By Shalini Pandey
Owing to continual losses, the e-commerce firm, Snapdeal, has been in the process of selling its business for quite some time now. Flipkart was the front-runner in this acquisition and even revised its offer to about $850 million – approximately $650-700 million in stocks and the rest in cash. Recently, Infibeam, the only listed Indian e-commerce firm, has shown an interest in the deal.
Weighing the options
Infibeam has made a bid of $700 million in stock which is lower than Flipkart’s offer. However, co-founders Kunal Bahl and Rohit Bansal are more keen on striking a deal with Infibeam, as it would allow them to retain control of the company after the sale. Whereas, they would have to leave if Snapdeal is sold to Flipkart.
On the other hand, Snapdeal’s largest investor, Softbank Group Corporation is pushing for the sale of Snapdeal to Flipkart to cut its losses. However, it can’t force its decisions as it does not possess 75 percent of the voting rights. The co-founders are also considering getting Snapdeal to survive as an independent company by cutting both, a majority of jobs and the size of its business, should the deal with Flipkart or Infibeam not pull through.

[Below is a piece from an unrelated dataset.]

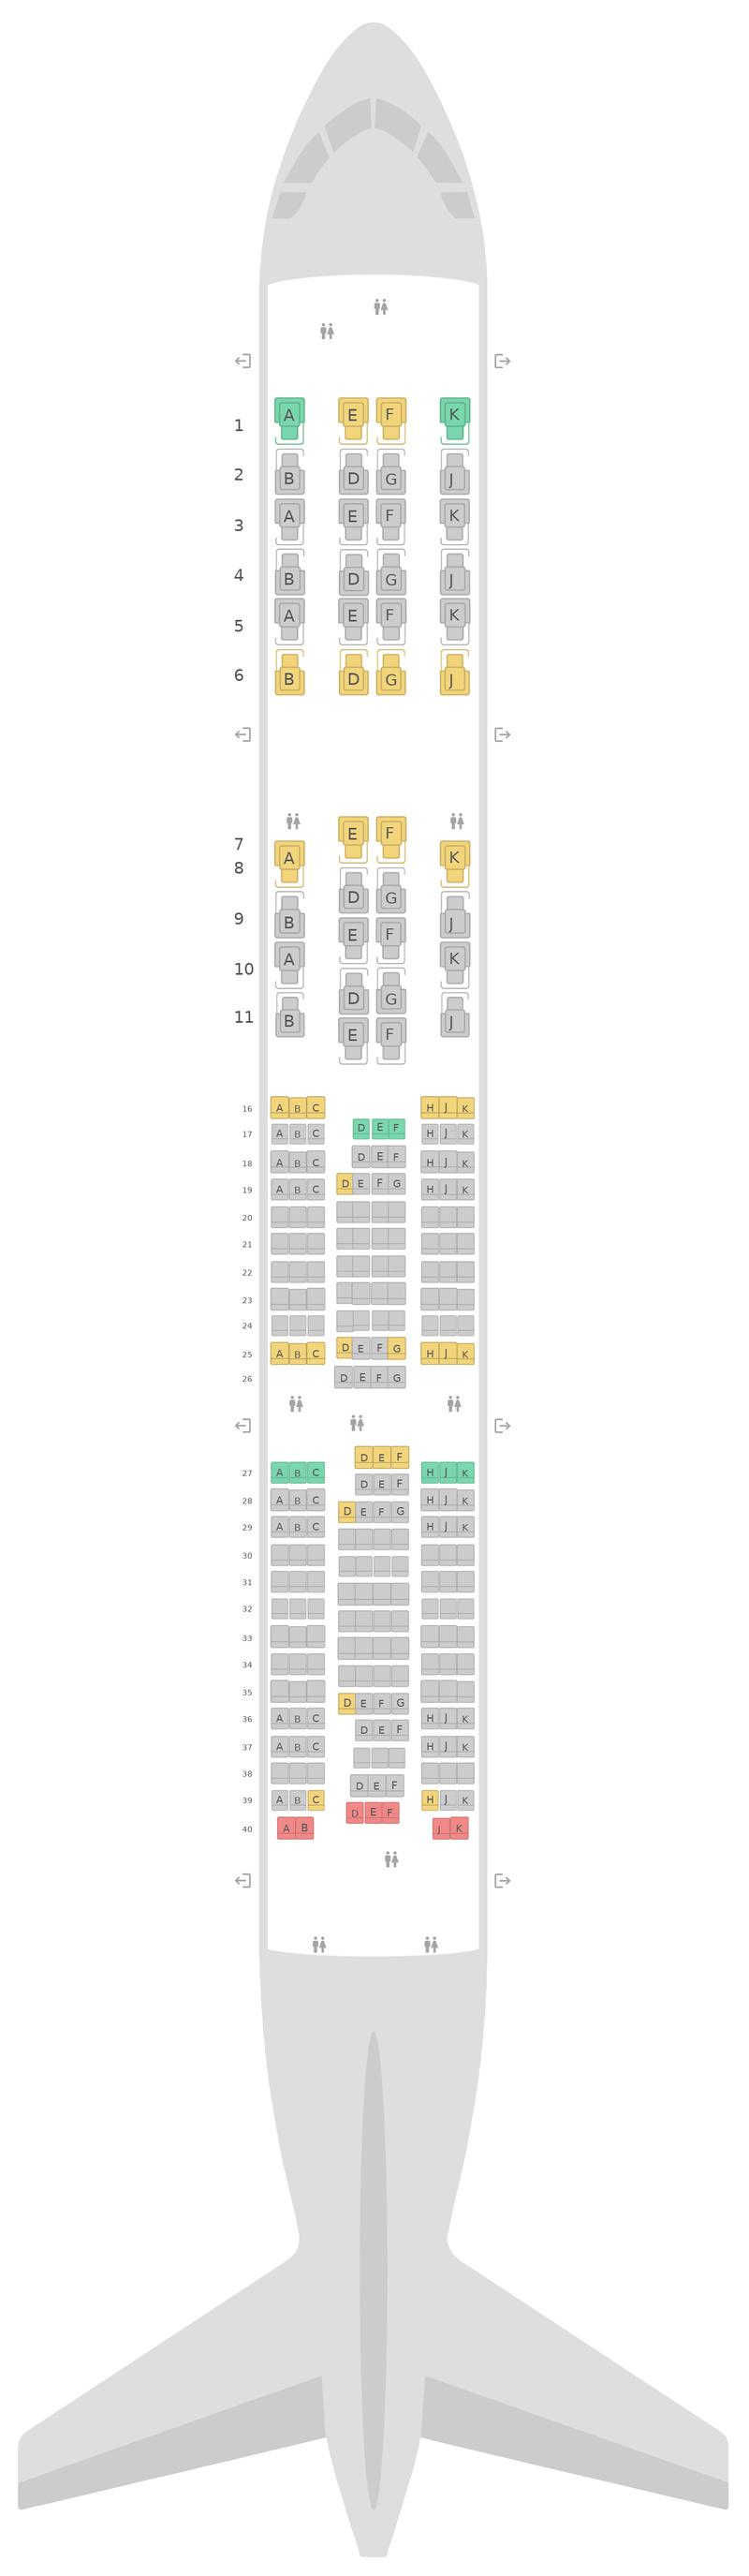 Mapa de asientos Boeing 777-200LR Qsuite v2 Qatar Airways
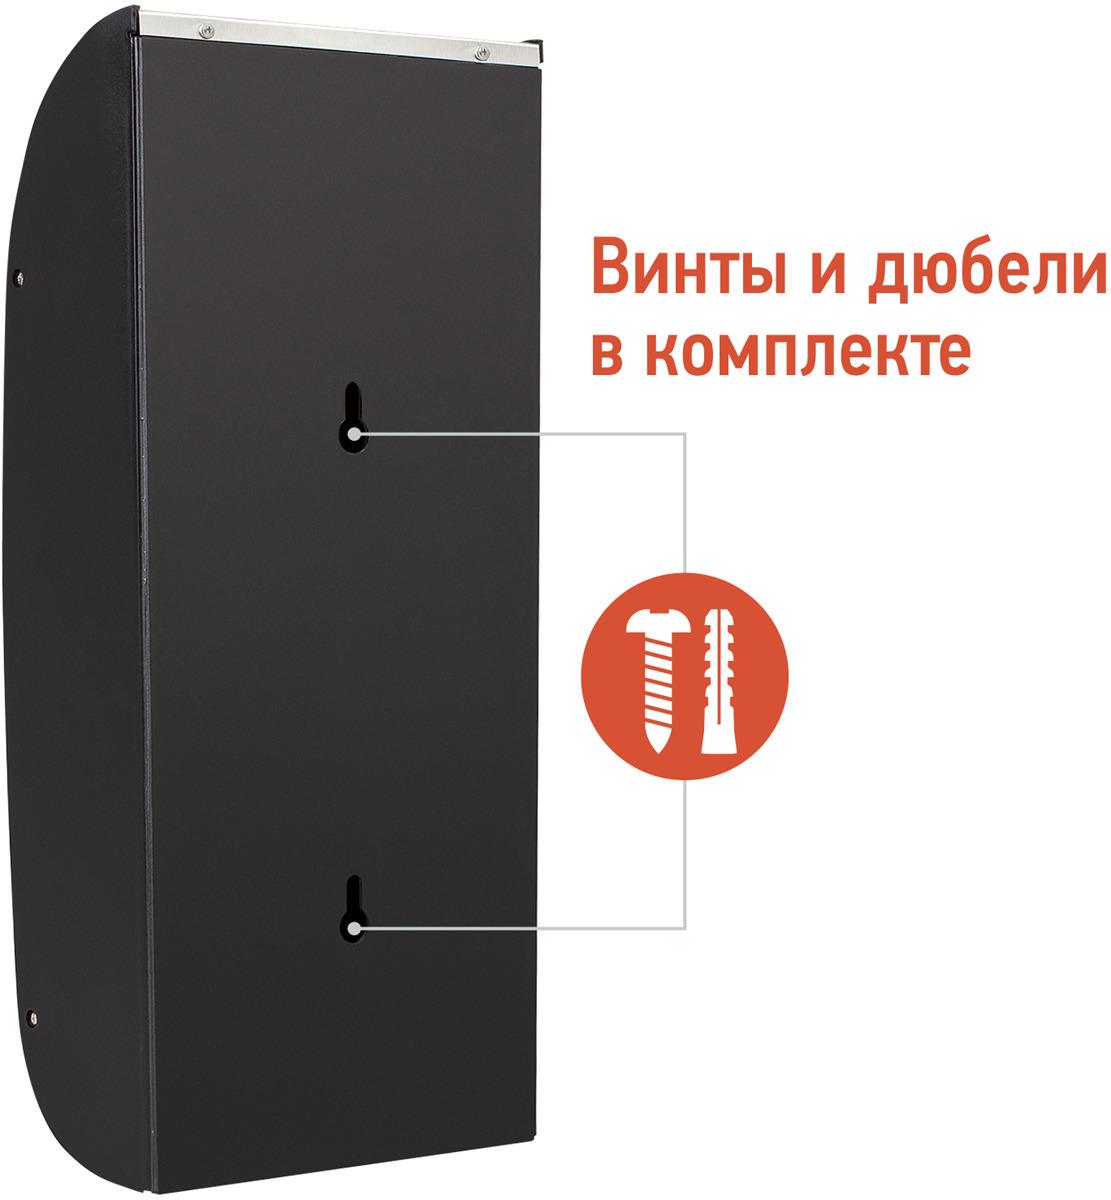 Держатель для пакетов Wonder Worker, цвет: серый металлик, 17 х 9 х 39 см

What does it mean for Infibeam?
The success of this deal would prove beneficial for the Ahmedabad headquartered company and help it to expand its base thereby, gaining a higher share of the e-commerce market. Infibeam had a little over 5,000 merchants selling on its online platform as of FY16. This figure is insignificant in comparison to that of Flipkart, Amazon India and Snapdeal all of whom boast about having over 100,000 merchants.
Despite its small size, Infibeam commands a market capitalisation of over Rs 7,000 crore (over $1 billion). This is due to investors having bought into its story of having a differentiated business model that focuses on profitability rather than burning piles of cash on customer acquisition and market shares.
If the deal fructifies it will put Infibeam on the same pedestal as Flipkart, Amazon India, Shopclues, and Paytm.
Leaning towards Flipkart
In light of Snapdeal’s cash crunch, it is unlikely that Snapdeal will side with Infibeam, especially since the $150 million cash payout by Flipkart is too tempting to resist. Snapdeal is starved of capital and this has impacted the company’s ability to discount, which has consequently led to an erosion of its user base and sales. The company has also been forced to cut jobs owing to this cash crunch.
More importantly, SoftBank, which owns about a third of Snapdeal and has two board seats, is pushing for a sale to Flipkart. Flipkart, despite the recent 26% markdown in its valuation, is still the most valuable Indian startup and is worth roughly $11 billion. Flipkart then, the only formidable competition to Amazon in India, becomes the only beacon of hope for SoftBank.
Besides, the sale of Snapdeal without SoftBank’s blessing might prove difficult. As things stand today, for any potential suitor, the bright side to buying Snapdeal is a potential investment by SoftBank and not Snapdeal’s business. SoftBank’s rationale behind choosing Flipkart is simple: it does not want to disappear from the Indian startup scene anytime soon, in spite of its failed ventures with Snapdeal and Housing.com.
Future of Freecharge
Amazon India has placed a bid of $70-80 million to acquire Freecharge. Until now, Axis Bank was the top contender at a valuation of $60-65 million. They placed the bid after receiving RBI approval for their e-wallet. Additionally, they have already pumped in around Rs 130 crore to revamp their Amazon pay wallet to compete with rivals Paytm and Mobikwik.
Acquisition of Freecharge will undoubtedly enable Amazon India to launch their wallet services as a separate entity and grab some market share. Snapdeal’s already-low cash reserves have a chance at getting replenished by this much-hyped sale.